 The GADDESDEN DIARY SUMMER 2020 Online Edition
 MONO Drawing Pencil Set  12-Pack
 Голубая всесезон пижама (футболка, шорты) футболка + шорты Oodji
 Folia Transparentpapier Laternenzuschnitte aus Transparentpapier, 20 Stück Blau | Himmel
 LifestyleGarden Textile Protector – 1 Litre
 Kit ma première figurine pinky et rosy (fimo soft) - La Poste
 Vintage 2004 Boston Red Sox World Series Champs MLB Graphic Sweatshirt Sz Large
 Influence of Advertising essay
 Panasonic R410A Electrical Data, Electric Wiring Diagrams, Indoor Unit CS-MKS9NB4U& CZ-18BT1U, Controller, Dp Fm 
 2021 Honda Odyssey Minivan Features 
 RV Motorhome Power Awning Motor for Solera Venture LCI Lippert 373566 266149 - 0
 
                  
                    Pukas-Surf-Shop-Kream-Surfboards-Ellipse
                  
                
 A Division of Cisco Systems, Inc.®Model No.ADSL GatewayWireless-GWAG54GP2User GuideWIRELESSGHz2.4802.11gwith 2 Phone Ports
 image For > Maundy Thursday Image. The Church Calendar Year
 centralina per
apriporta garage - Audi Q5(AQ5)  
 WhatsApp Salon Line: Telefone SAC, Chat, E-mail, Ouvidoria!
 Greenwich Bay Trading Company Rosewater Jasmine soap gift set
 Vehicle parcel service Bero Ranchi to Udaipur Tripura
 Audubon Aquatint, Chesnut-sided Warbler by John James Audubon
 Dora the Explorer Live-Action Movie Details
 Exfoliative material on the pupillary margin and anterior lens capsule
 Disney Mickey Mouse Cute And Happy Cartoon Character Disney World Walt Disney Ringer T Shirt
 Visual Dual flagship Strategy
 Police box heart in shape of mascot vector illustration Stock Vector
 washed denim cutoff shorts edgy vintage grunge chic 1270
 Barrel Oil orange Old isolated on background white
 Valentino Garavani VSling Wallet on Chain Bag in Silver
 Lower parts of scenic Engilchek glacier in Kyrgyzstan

■ ■ ■ ■

Looking at the entries above, can you reproduce exactly the lines from the one that holds "MONO Drawing Pencil" through the one that holds "Influence of Advertising essay", and only those?

**Task result:**
 MONO Drawing Pencil Set  12-Pack
 Голубая всесезон пижама (футболка, шорты) футболка + шорты Oodji
 Folia Transparentpapier Laternenzuschnitte aus Transparentpapier, 20 Stück Blau | Himmel
 LifestyleGarden Textile Protector – 1 Litre
 Kit ma première figurine pinky et rosy (fimo soft) - La Poste
 Vintage 2004 Boston Red Sox World Series Champs MLB Graphic Sweatshirt Sz Large
 Influence of Advertising essay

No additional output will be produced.